Null Reference exception in user app- debug help needed! (.NET 1.1 )

  • Thread starter Thread starter Big Mike
  • Start date Start date
B

Big Mike

Hi,

I've been investigating a 'System.NullReferenceException' for about a
week but have not got anywhere with my investigation- I need some
guidance from more experienced .NETers!

My App is .NET 1.1 , built using VS 2003 on XP SP3.

I have not found the exact reproduction criteria for the crash as it
appears to be tranisient. The crash occurs when my GUI app removes a
panel from the parent display container, but it does *not* occur
everytime. The panel being removed contains a few buttons and
ListView components (which is mentioned in the call stack when the
crash is captured). My App uses a Stack to 'push' new panels on top
of app, so they become visible, and then will pop the panels off of
the stack to make the panel underneath visible again.
eg, a button on panel A causes Panel B to be displayed over Panel A.
A button on Panel B causes Panel C to be displayed on top of panel B.
Panel C is 'closed' and Panel B is visible again. Panel B is closed
and Panel A is visibile again

I currently use AutoHotkey to perform the same mouse clicks over and
over again, but with a random time between them, in order to force
this issue.

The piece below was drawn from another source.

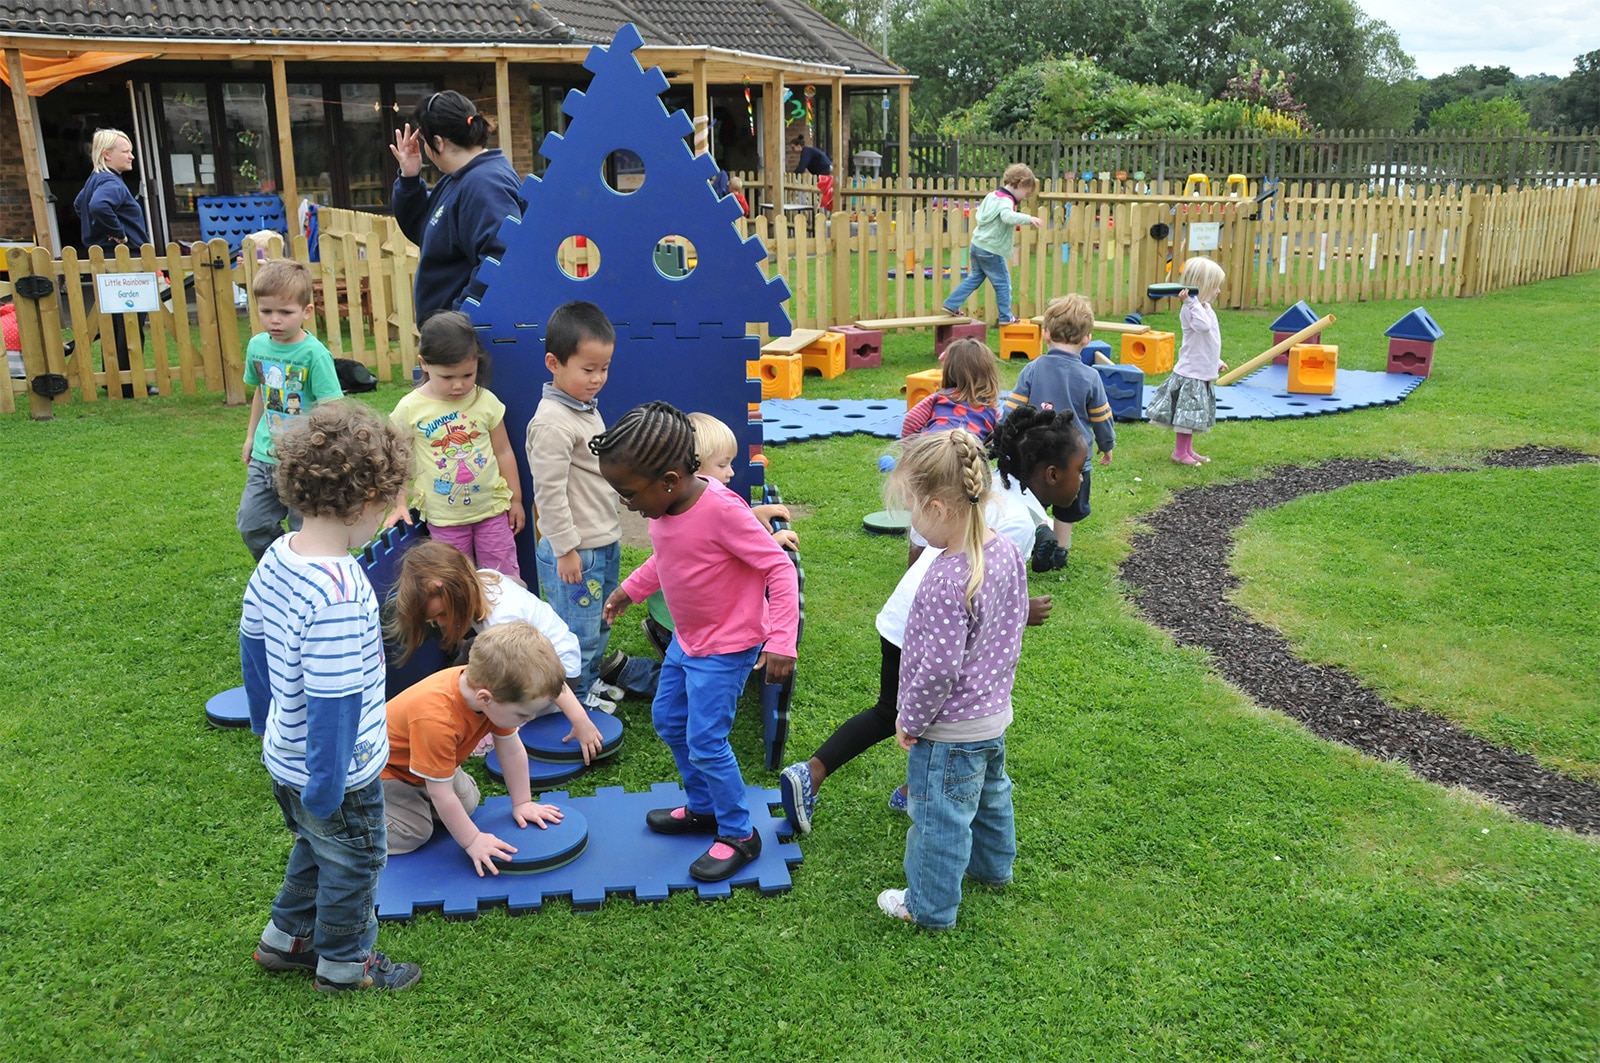 Children playing with Poddely set outdoors

Usually, the issue occurs within 5 or 10 mins. I am
moving in to Panels B and C and back to A every 15 to 30 seconds, but
the issue has also occured after 5 minutes of *no* user activity in
Panel C, (then the panel is automatically closed and we return to
Panel A (through Panel B).

The crash (visually) occurs when Panel B is closed and we return to
panel A. but the crash (i believe) is caused by something in Panel C -
there are no ListView, or indeed any real functionality in Panel B.
When I pop off a panel, a reference is maintined to it as
'oldTopPanel' until another panel is popped of. so in my case, Panel C
finally looses all references to it when we drop back to Panel A from
B.

The actual error is reported in VS 2003 as follows...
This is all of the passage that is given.